*TASK GOAL*. Word for word, copy the entire listing below, but do not carry over any pictures.

*RECORDED DATA*.

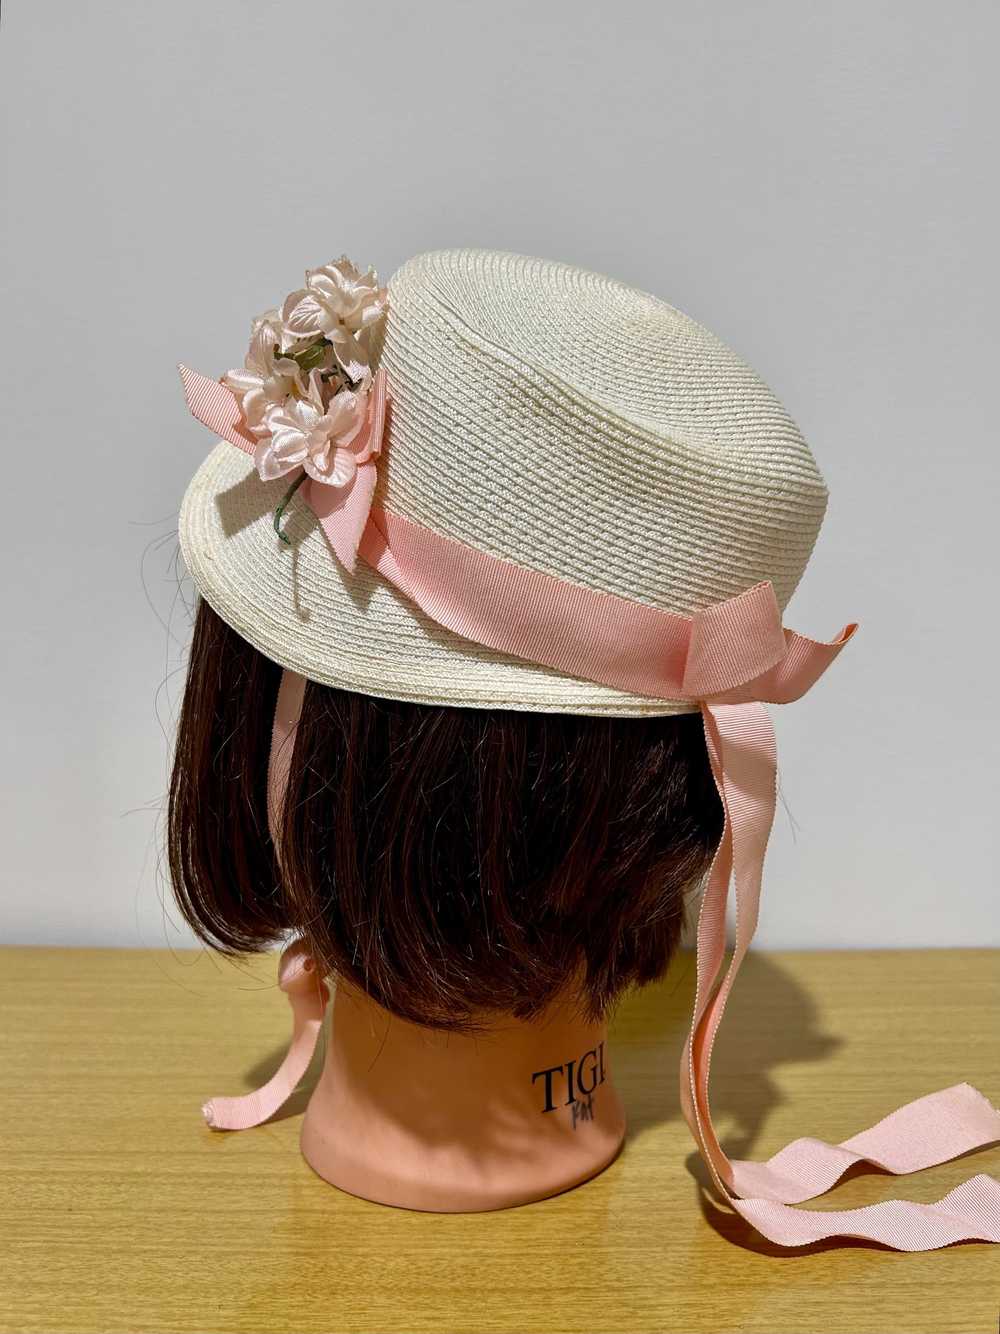 Vintage Sun Hat with Pink Ribbon and Flowers - image 3
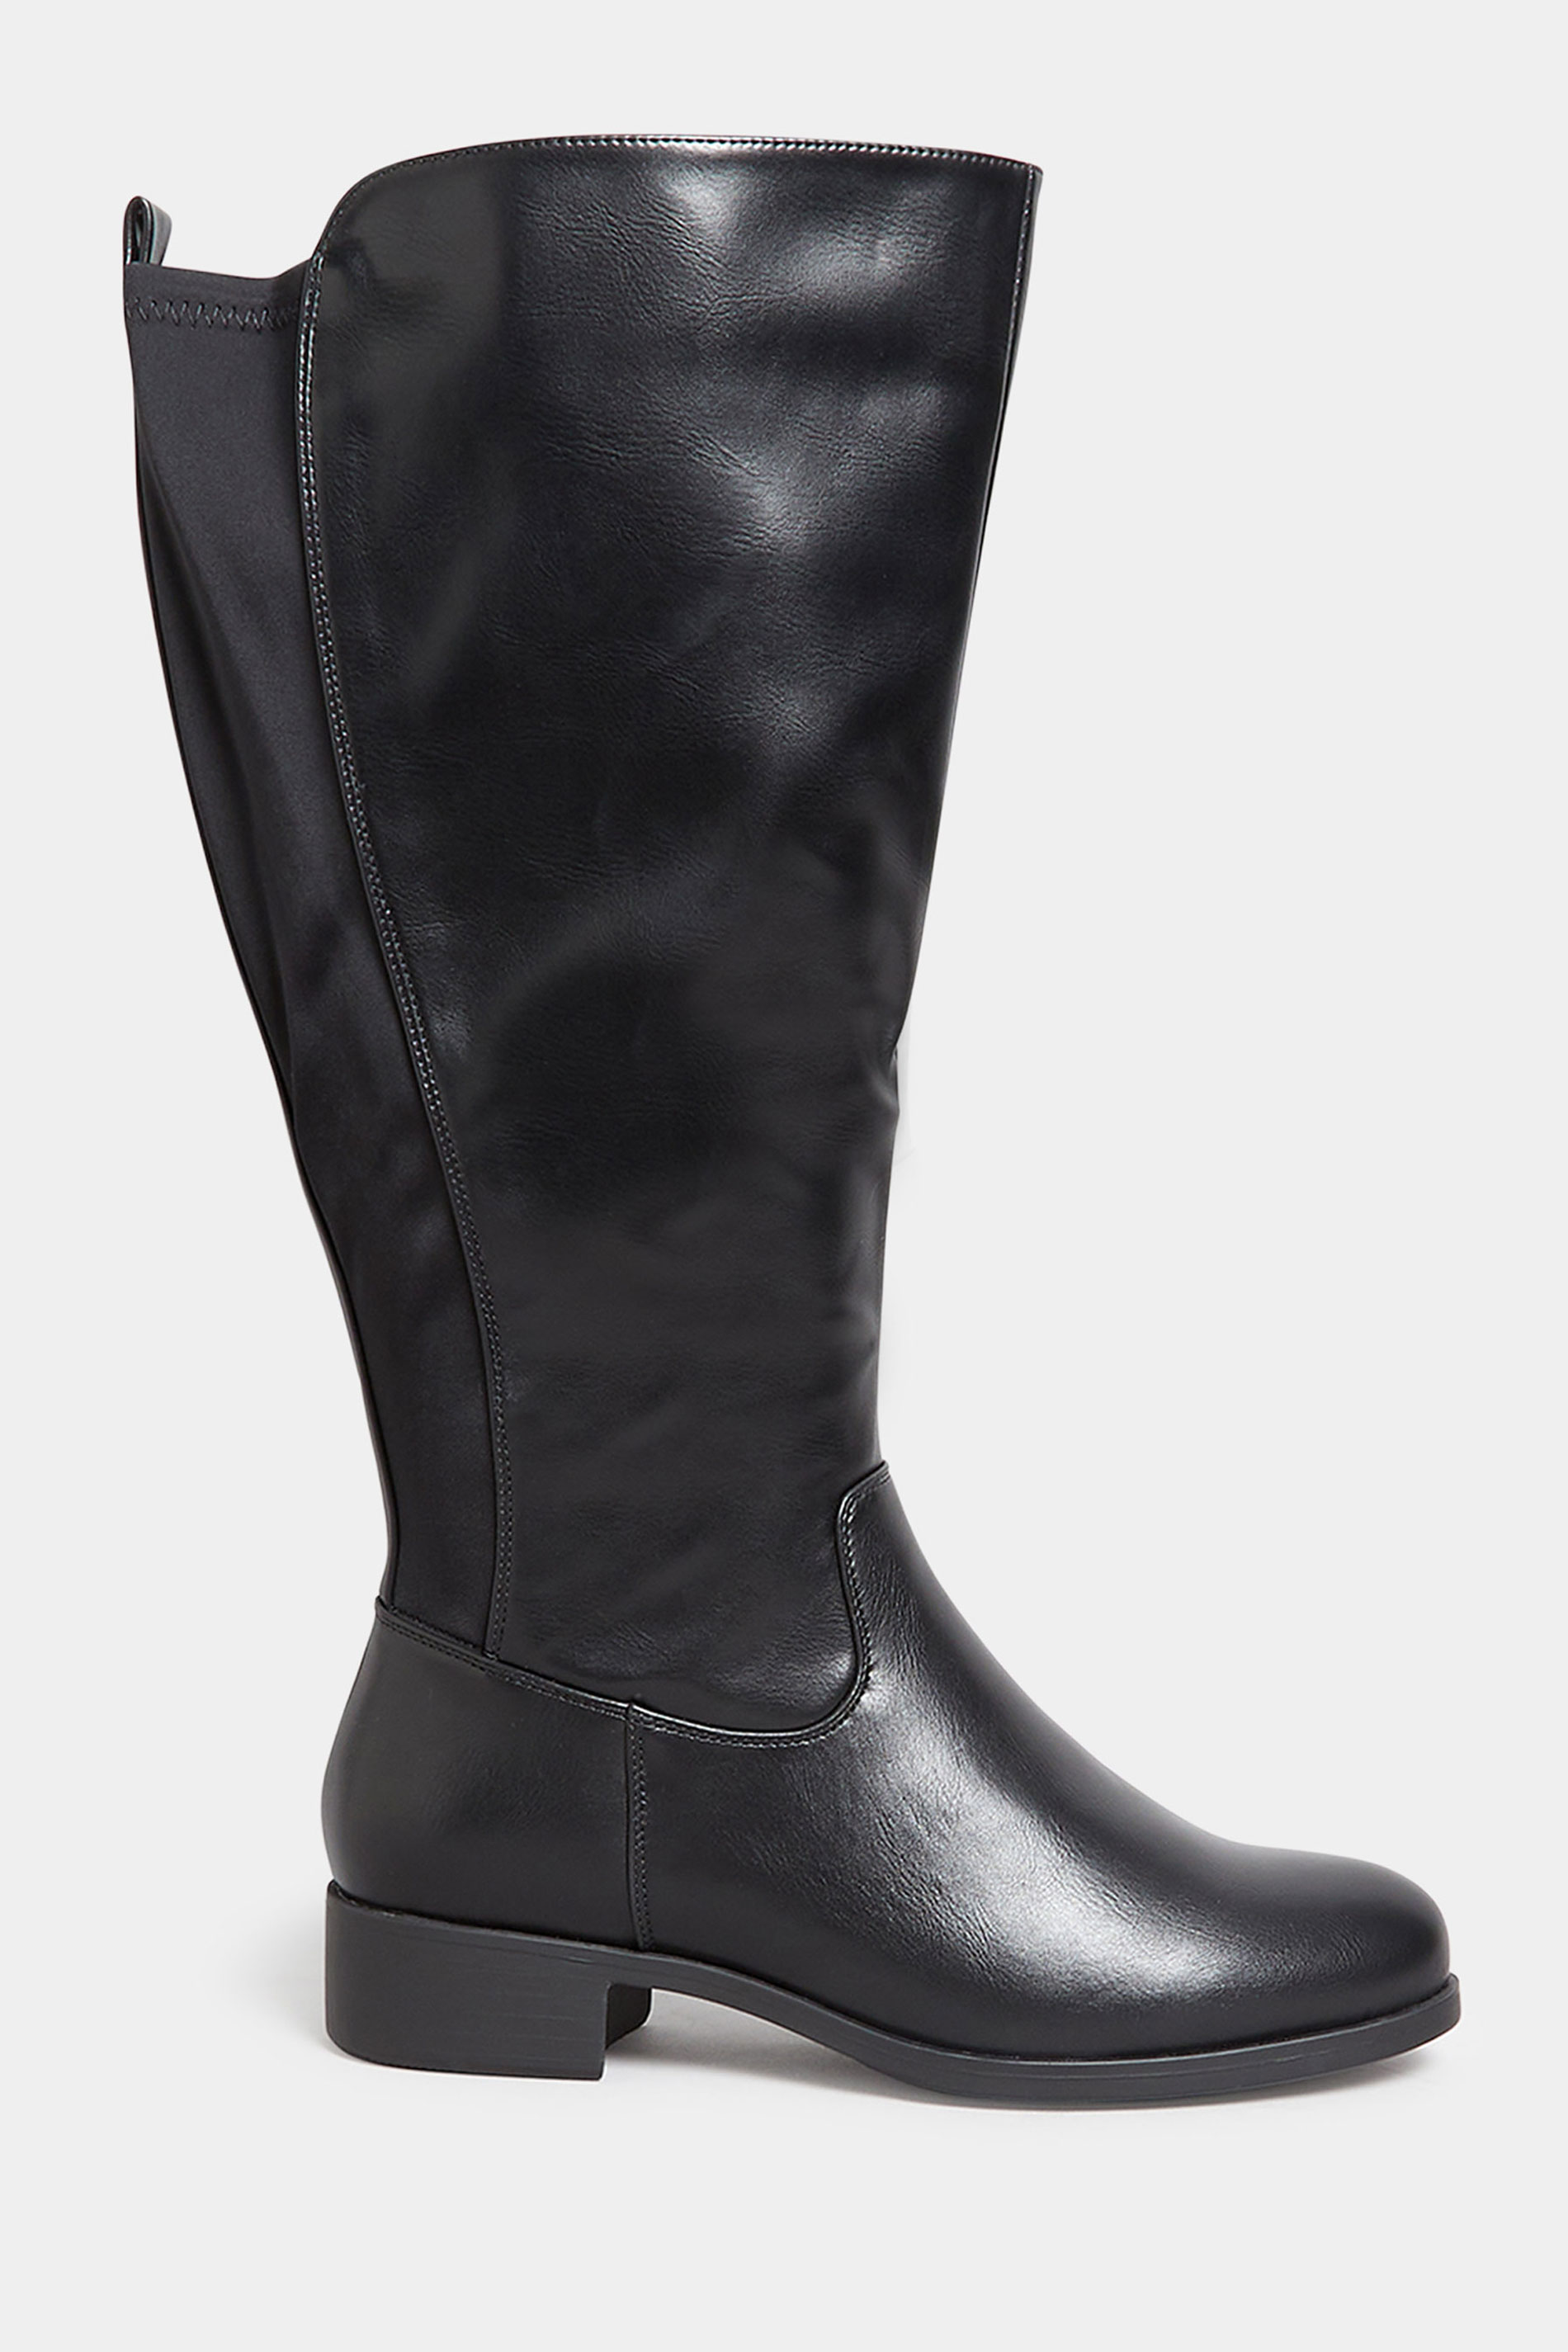 Black Stretch Knee High Boots In Wide E Fit & Extra Wide EEE Fit | Yours Clothing 3
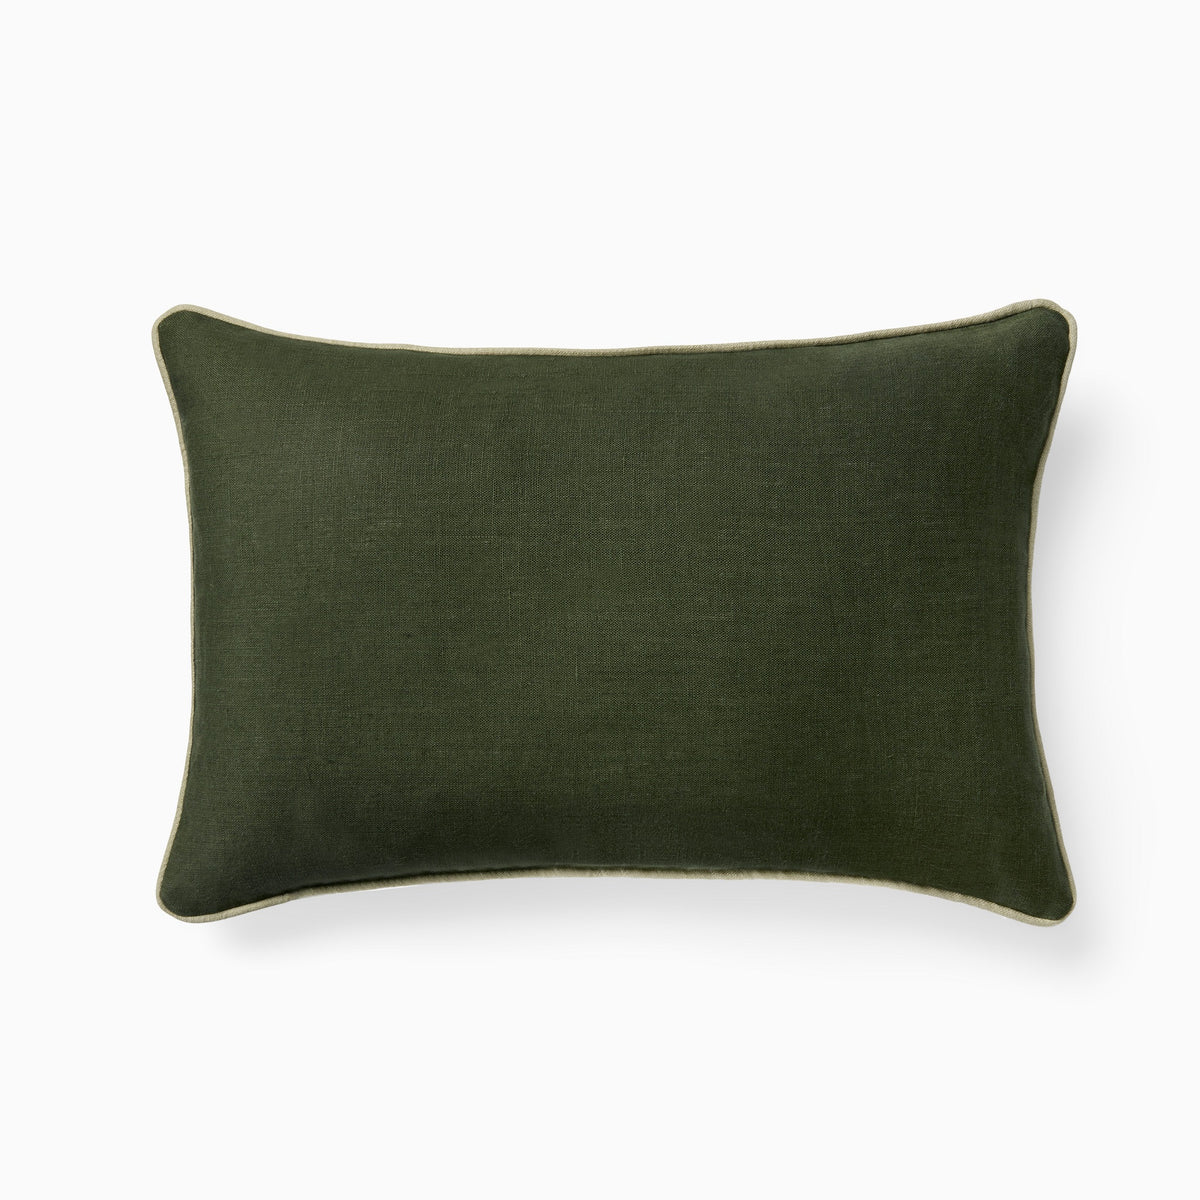 Clear Image of Sferra Manarola Decorative Pillow in Forest/Willow Back

*WRITTEN SOLUTION*.
 Vintage Sun Hat with Pink Ribbon and Flowers - image 3
 Black Stretch Knee High Boots In Wide E Fit & Extra Wide EEE Fit | Yours Clothing 3
 Clear Image of Sferra Manarola Decorative Pillow in Forest/Willow Back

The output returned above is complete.